きょとんとした顔で言ったサクラに、数個の強張った顔が向けられる。

「…乗っかる?」
「だってシカマルが寝転ぶんだもん。話をするには顔を近づけ…」
「はぁ!?」

なんだか皆妙な顔をしている。
もしかしたら言い方が悪くて誤解をしているのかも…と思ったサクラがもう少し詳しく説明すれば。

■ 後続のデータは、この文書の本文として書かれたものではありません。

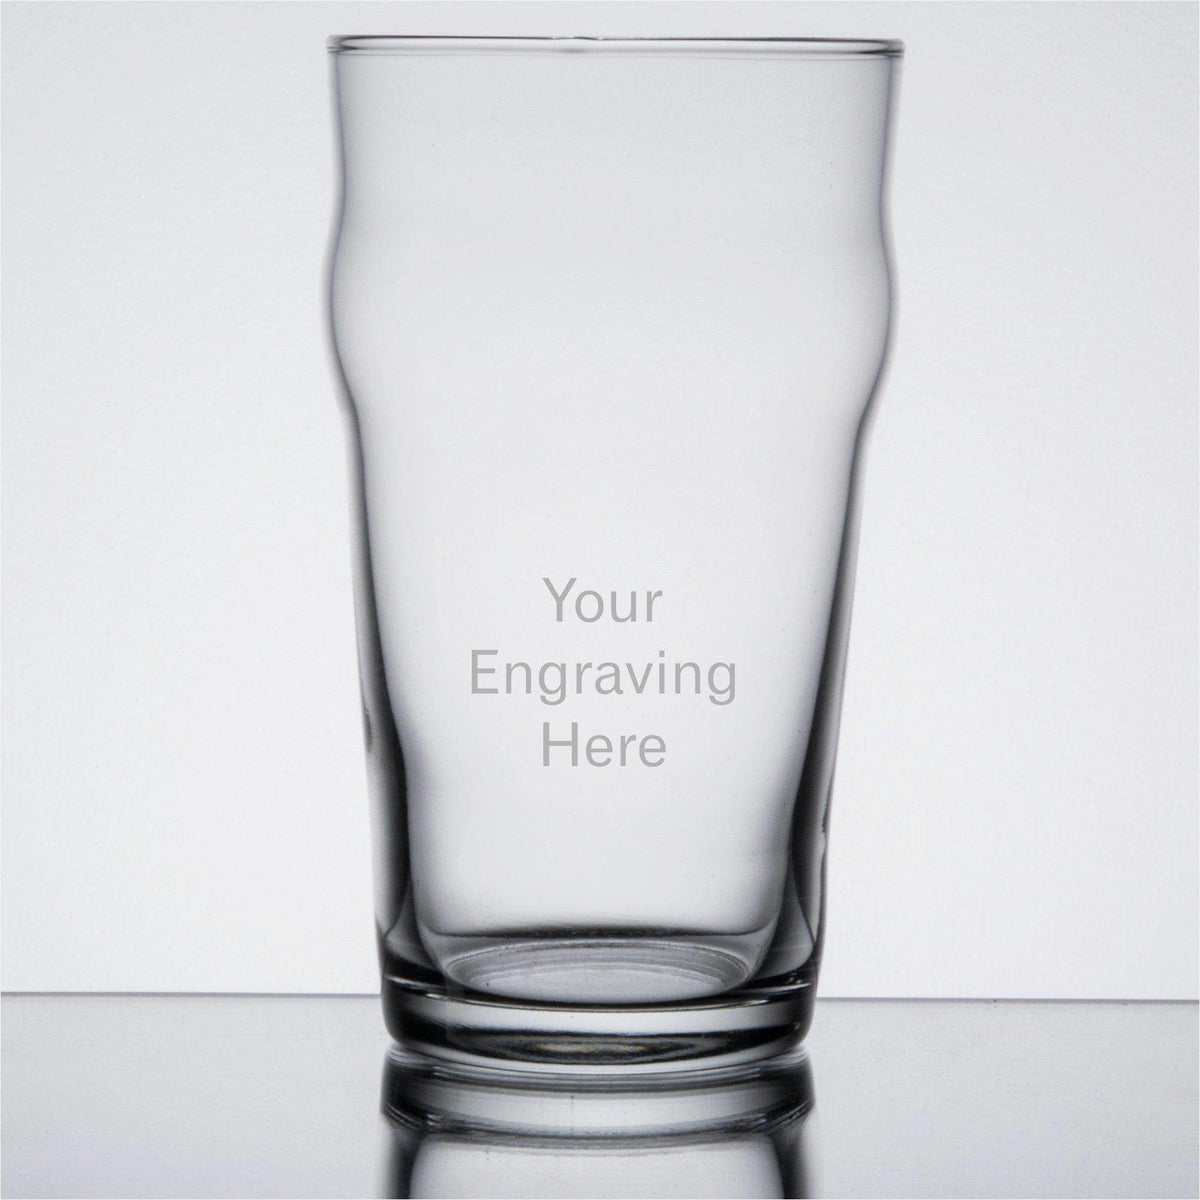 English pub drinking glass with "your engraving here" text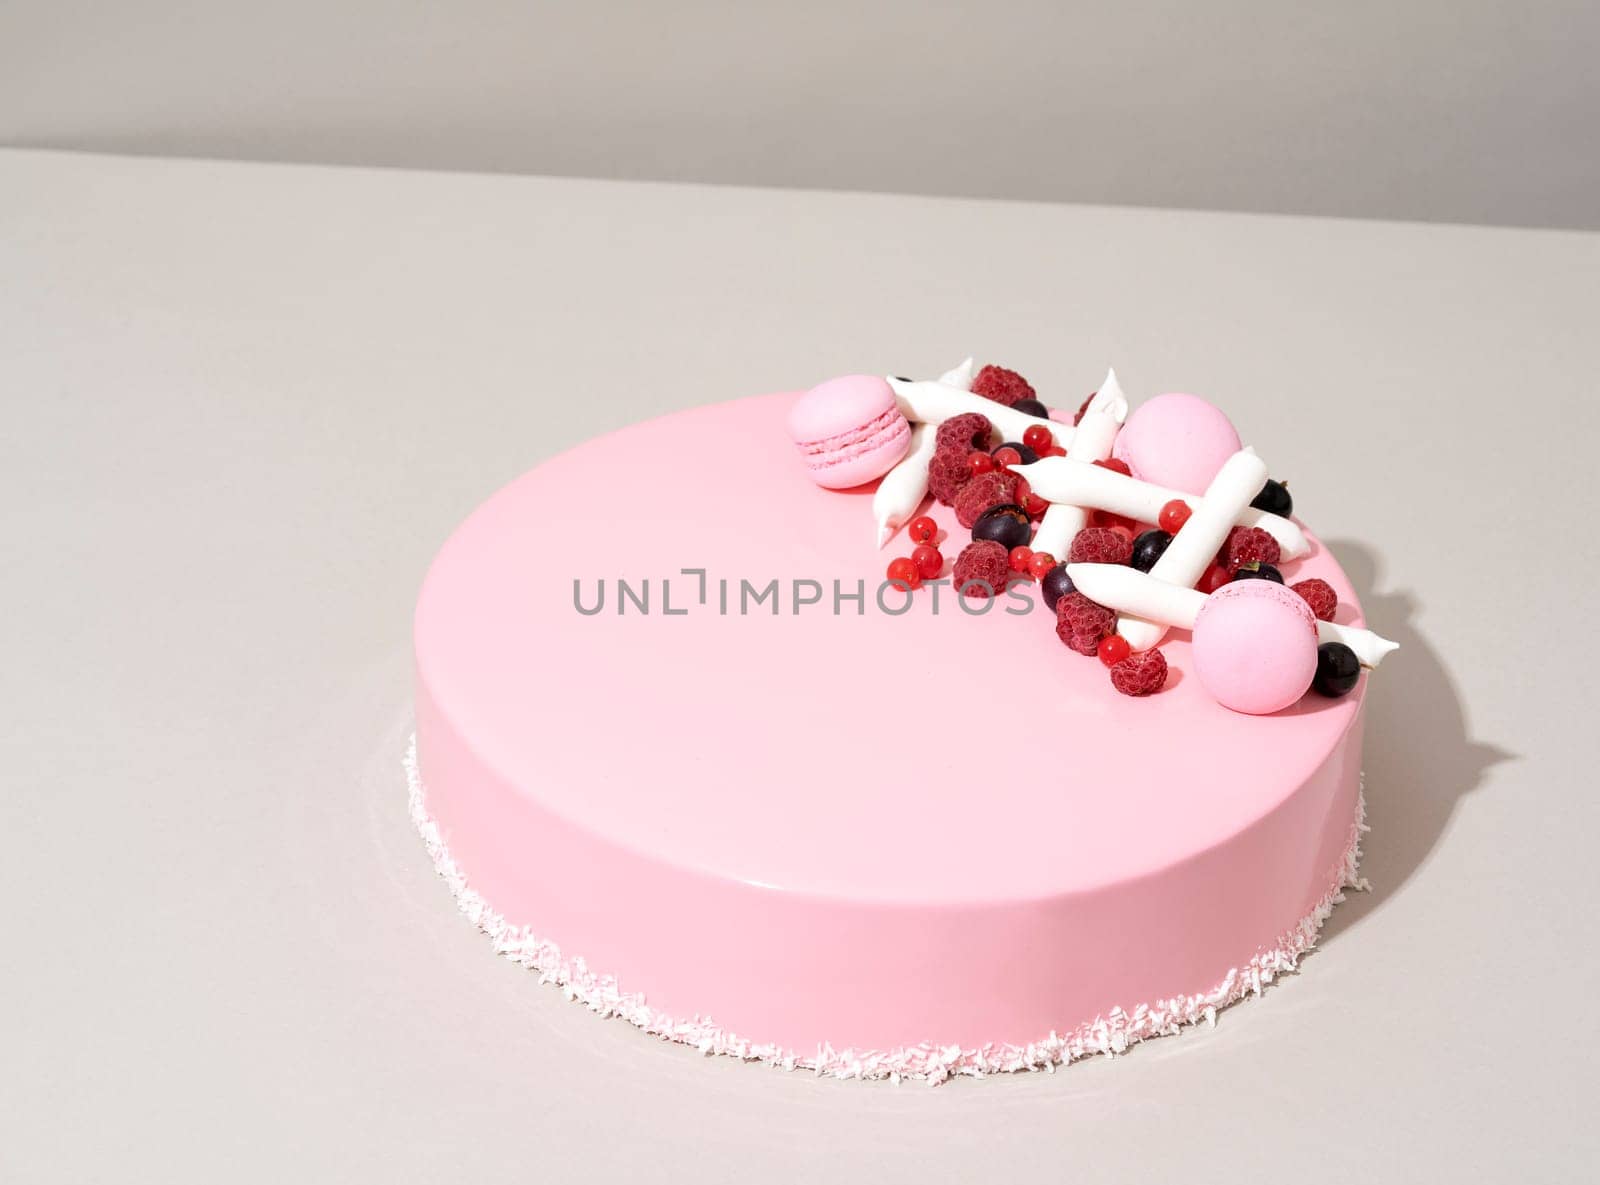 An appetizing pink cake with white strawberries adorning the top sits invitingly on a table

「いい機会に逃げられるのもなんだったし、自分の上半身で抑えたの。それに大きな声で話せることでもないから彼の耳に近づけて…ってそれだけ…」

なんだけど。
どこから深いため息が聞こえ、皆呆れ顔。夕闇の額がちょっとぴくついているのは気のせいか。

「守座様」
「はい?夜斗さん」
「そういう体制はちょっとどうかなぁと思うけどね」
「え?」
「まぁ…何というか彼も年頃の男なんだし」
「…え?」

サクラは少し考えてぽんと手を打つ。そうか、皆はシカマルと自分が何かなってしまうと心配してるのか。

(いやね〜私にはサスケ君がいるのにっ!)

「変な心配しすぎ!私にはちゃんと心に決めた人がいるんだからっ!」

と安心させるつもりで言ったのだが、イルカがまずいといった顔をしてるのに気づき、サクラは己が墓穴を掘ったことに気づく。

「な、なんだとっ!!誰だっ!!それはっ!!」
「聞いてないですよ!守座様っ!!」
「お前達!!護衛していて気づかなかったのかっ!!」
「そんな奴を見たら俺達が黙っている筈ないですよっ!!」
「ということは貴方達の目を盗んで…」
「ななな、なんだと覚眠っ!?おい!そうなのかっ!!」

夕闇を筆頭に、ナギとヒサメが騒ぎ出し覚眠がさりげなく場を混乱させて楽しんでいる。

「お…落ち着けっ!三人共!!」
「お前は知ってたのか!?夜斗!!」
「えっ」

微妙に視線を逸らしたイルカを三人が見逃す理由もなく。

「夜斗!!」
「「夜斗様っ!!」」
「お、落ち着けってっ!!!」
(ごめんイルカ先生)

三人に追いかけてられているイルカに心で謝っていたサクラだが、この騒動を引き起こした彼女に何もないわけはなくて。

「で?どんな男ですか?それは」
「…やっぱり女の子ということか…」
「面倒なこと言ってくれたな。当分あいつらに言われるぞ。ま、お前が引き起こした種だけどな」

これはこれで怖いと思ったサクラだった。